Your task: From the line that includes "Apple Slices with Peanut Butter - Eat" down to the final line of the data below, copy every line exactly and leave the rest out.

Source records
▬▬▬

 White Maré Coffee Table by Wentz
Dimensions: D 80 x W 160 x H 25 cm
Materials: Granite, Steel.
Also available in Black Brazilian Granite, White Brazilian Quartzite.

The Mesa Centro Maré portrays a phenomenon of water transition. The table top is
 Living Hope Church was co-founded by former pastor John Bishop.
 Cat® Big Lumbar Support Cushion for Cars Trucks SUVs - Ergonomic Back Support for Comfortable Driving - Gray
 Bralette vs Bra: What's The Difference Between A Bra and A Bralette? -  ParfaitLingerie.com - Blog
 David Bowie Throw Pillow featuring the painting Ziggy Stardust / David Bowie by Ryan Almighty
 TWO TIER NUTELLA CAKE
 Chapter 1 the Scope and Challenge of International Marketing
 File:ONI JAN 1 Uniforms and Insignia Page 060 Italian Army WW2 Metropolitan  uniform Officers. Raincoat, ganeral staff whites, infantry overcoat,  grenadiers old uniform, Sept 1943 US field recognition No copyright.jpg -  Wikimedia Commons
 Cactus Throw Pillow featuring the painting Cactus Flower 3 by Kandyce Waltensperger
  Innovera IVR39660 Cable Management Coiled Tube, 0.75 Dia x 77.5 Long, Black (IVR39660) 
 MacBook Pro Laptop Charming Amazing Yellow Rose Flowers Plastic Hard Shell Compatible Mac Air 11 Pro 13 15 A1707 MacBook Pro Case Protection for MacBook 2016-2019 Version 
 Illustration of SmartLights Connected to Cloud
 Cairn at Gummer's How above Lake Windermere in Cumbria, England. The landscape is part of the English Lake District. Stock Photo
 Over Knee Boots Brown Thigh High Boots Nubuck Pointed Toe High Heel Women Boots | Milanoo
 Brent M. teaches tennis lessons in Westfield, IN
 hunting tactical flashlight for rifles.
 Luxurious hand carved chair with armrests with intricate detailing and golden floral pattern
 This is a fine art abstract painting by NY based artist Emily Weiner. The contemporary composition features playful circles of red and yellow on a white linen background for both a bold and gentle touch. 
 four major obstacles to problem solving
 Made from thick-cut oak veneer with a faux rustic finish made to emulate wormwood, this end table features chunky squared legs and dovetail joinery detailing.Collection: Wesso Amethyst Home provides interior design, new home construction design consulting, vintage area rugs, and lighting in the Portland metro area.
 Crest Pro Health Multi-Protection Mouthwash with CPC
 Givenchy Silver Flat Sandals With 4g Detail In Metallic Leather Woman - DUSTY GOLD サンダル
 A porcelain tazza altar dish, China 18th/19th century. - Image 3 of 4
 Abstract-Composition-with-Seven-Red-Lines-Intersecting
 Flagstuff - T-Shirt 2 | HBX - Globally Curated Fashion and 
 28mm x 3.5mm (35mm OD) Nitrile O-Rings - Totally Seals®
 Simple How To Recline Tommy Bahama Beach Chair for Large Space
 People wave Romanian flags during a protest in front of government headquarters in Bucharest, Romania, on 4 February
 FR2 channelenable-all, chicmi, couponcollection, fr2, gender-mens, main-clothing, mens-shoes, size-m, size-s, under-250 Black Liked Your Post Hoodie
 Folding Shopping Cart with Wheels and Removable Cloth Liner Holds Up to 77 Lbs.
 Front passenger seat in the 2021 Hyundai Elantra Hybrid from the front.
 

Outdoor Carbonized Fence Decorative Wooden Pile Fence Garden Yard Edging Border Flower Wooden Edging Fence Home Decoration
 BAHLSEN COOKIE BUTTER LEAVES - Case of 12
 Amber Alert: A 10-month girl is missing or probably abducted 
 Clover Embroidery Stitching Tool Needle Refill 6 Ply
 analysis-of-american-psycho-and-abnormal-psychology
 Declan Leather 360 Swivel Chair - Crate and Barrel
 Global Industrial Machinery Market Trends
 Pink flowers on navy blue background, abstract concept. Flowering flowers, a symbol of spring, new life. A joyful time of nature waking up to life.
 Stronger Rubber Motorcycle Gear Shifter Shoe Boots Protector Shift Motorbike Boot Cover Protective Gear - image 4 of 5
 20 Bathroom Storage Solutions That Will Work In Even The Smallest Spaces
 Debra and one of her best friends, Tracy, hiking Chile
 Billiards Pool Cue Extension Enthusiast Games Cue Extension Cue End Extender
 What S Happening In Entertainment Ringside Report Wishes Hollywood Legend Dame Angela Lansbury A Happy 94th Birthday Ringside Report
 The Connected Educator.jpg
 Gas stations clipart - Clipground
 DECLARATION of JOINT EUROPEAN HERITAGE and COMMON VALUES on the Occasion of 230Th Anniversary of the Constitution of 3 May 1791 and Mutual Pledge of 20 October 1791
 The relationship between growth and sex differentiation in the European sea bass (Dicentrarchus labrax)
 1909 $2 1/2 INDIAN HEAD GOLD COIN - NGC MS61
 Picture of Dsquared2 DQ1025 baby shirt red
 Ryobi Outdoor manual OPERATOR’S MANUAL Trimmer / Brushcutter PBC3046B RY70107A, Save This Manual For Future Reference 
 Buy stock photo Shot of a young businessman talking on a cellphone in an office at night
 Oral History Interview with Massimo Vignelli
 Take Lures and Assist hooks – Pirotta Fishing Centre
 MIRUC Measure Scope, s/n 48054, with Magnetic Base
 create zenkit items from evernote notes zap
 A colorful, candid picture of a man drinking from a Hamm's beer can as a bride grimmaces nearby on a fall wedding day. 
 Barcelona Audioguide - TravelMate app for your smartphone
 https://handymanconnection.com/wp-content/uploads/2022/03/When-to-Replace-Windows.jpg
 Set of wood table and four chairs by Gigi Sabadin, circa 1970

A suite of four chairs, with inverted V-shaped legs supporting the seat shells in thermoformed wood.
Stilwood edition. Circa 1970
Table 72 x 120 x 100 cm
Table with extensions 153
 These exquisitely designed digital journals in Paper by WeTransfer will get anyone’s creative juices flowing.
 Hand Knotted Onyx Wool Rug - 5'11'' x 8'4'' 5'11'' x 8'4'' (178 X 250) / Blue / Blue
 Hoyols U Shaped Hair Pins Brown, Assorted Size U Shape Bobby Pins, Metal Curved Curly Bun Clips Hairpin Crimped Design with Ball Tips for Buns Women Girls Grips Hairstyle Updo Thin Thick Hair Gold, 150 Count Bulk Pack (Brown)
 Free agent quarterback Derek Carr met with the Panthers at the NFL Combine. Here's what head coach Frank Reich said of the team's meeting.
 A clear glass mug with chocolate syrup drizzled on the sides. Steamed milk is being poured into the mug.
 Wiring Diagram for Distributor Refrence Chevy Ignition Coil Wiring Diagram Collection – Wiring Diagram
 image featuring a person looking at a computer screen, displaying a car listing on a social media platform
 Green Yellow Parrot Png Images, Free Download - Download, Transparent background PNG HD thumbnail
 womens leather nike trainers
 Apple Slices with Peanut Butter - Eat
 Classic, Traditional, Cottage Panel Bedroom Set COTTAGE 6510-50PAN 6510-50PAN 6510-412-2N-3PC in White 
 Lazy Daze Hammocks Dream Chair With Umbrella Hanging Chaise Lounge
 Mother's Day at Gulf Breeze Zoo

▬▬▬

Output for this exercise:
 Apple Slices with Peanut Butter - Eat
 Classic, Traditional, Cottage Panel Bedroom Set COTTAGE 6510-50PAN 6510-50PAN 6510-412-2N-3PC in White 
 Lazy Daze Hammocks Dream Chair With Umbrella Hanging Chaise Lounge
 Mother's Day at Gulf Breeze Zoo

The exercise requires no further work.